Functions that introduce new degrees of freedom?

[Loud Red]

Functions that "introduce" new degrees of freedom?

OK, I realize this is a wacky question, so forgive me!

BUT I was thinking about it the other day, and suppose I had a 2 dimensional space $$\Bbb{R}^{2}$$. Is there any function that generally exists as: $$f: \Bbb{R}^{n} \rightarrow \Bbb{R}^{n+1}$$? So in my scenario, it would be $$f: \Bbb{R}^{2} \rightarrow \Bbb{R}^{3}$$...

Would this still be part of set theory or has this entered some other field?

Now, an additional question, I am a programmer and I know I can code "IF p=x THEN add a new dimension" or something of the sort. Is there anything in math that has a counterpart to this? Boolean functions?

 

[arildno]

Well, Cantor proved that R has the same cardinality as R^n for finite n.
That is to say, there exists a bijection (a function) between the line and the plane, for example.

Was that what you meant?

 

[Hurkyl]

There are many. For example, f(x, y) = (x, y, 0).

I'm not really sure what you're trying to ask with your second question!

 

[Loud Red]

I guess I am looking at this from a naive qualitative point of view; I was thinking about applying it to human societies specifically (so I would quantify things like "Energy use from natural resources" then at time T when certain conditions are met, this function would introduce a new dimension for the "Energy use from natural resources" then...I suppose I would need a function to create functions...).
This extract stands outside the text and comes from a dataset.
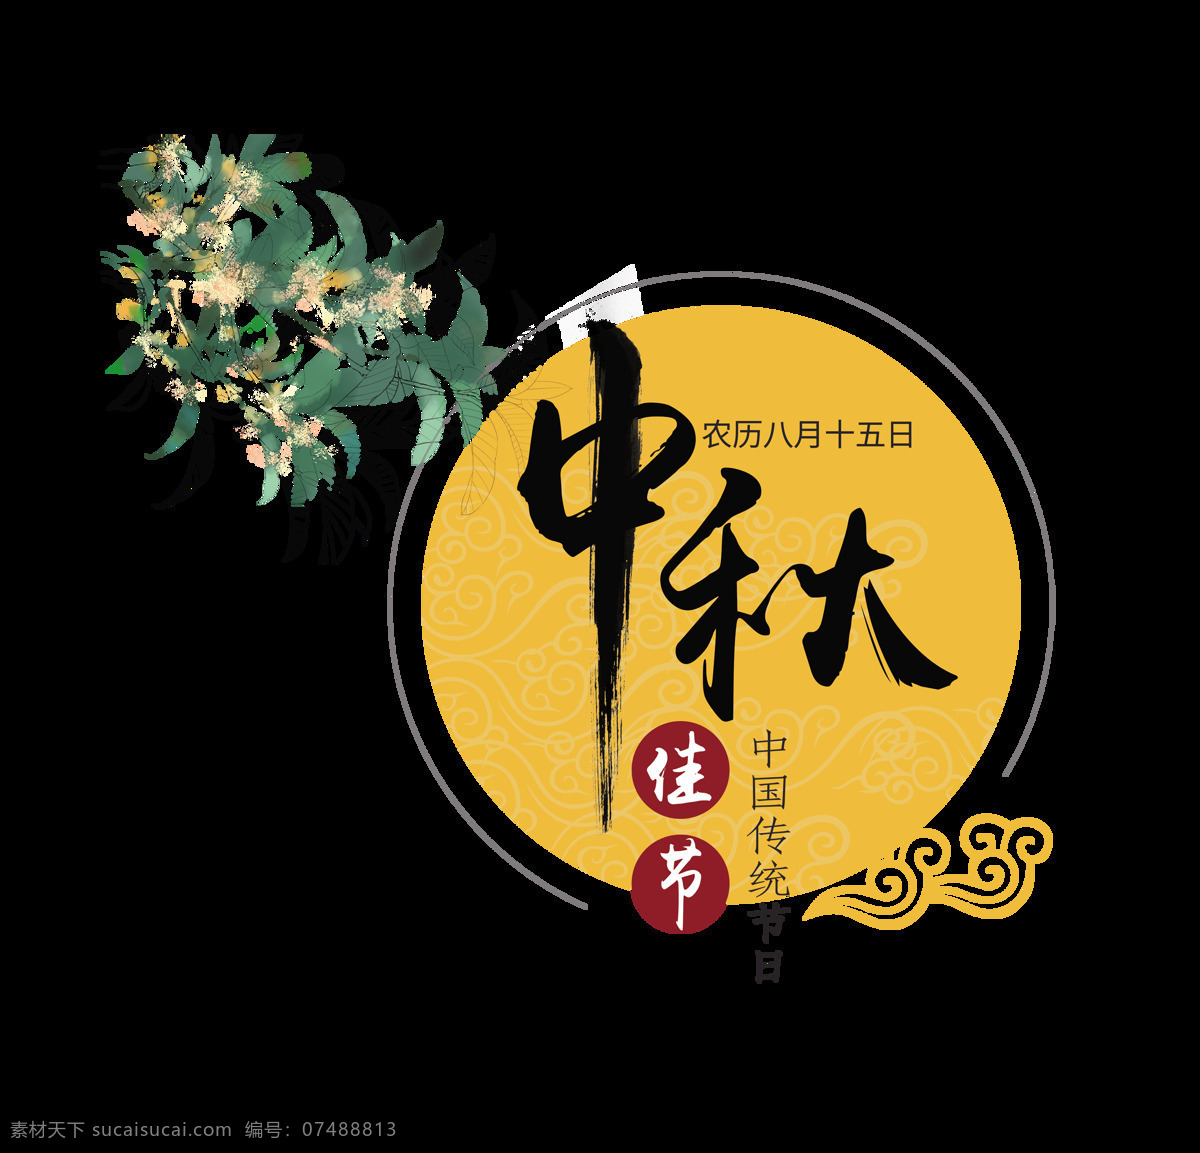 中秋 佳节 八月 十 五 艺术 字 中国风 古典 广告 宣传 促销 节日 古风 海报 素材元素

As you can see, if you are a programmer, this is very easily programmable. However, from the more mathematical perspective, I have no clue how to approach this.

For me this is uncharted mathematical waters...

 

[Hurkyl]

What's wrong with simply fixing "energy use from natural resources" to be zero until it's "unlocked"?

Are you trying to get the math to act similar to what your program is doing? Then why not try and do a direct translation? E.G. you could define a set whose contents are the possible assignments to all of your variables!

 

[Dragonfall]

A very natural example of a function f:R^2->R^3 is the parameterization of a surface in 3D. i.e.

http://mathworld.wolfram.com/SurfaceParameterization.html

 

[Loud Red]

What's wrong with simply fixing "energy use from natural resources" to be zero until it's "unlocked"?

Are you trying to get the math to act similar to what your program is doing? Then why not try and do a direct translation? E.G. you could define a set whose contents are the possible assignments to all of your variables!

Well, the problem is that when certain conditions are met, the model is supposed to create new things; so for example, there is a generic variable "capital" which is used to make commodities.

But capital changes with respect to technology. But technological change is discrete change, not continuous change.

For every discrete change in technology, which allows a new capital commodity to be formed, I want to represent this new capital commodity by a new variable (say $$c_{m}$$ or whatever).

To shake things up even further, there is a large class of capital commodities (so I would have a matrix $$c_{mn}$$ for each type of commodity and its technological state).

New classes of capital commodities arrive when certain conditions are met (e.g. oil refineries could be considered "one" capital commodity but they didn't exist until oil was being used). And I don't really have too much control over when something is discovered...but I would like to test what conditions make it so.

I suppose this would be "beyond" the scope of mathematics, just a little maybe.

 

[arildno]

Why can't functions be discontinuous?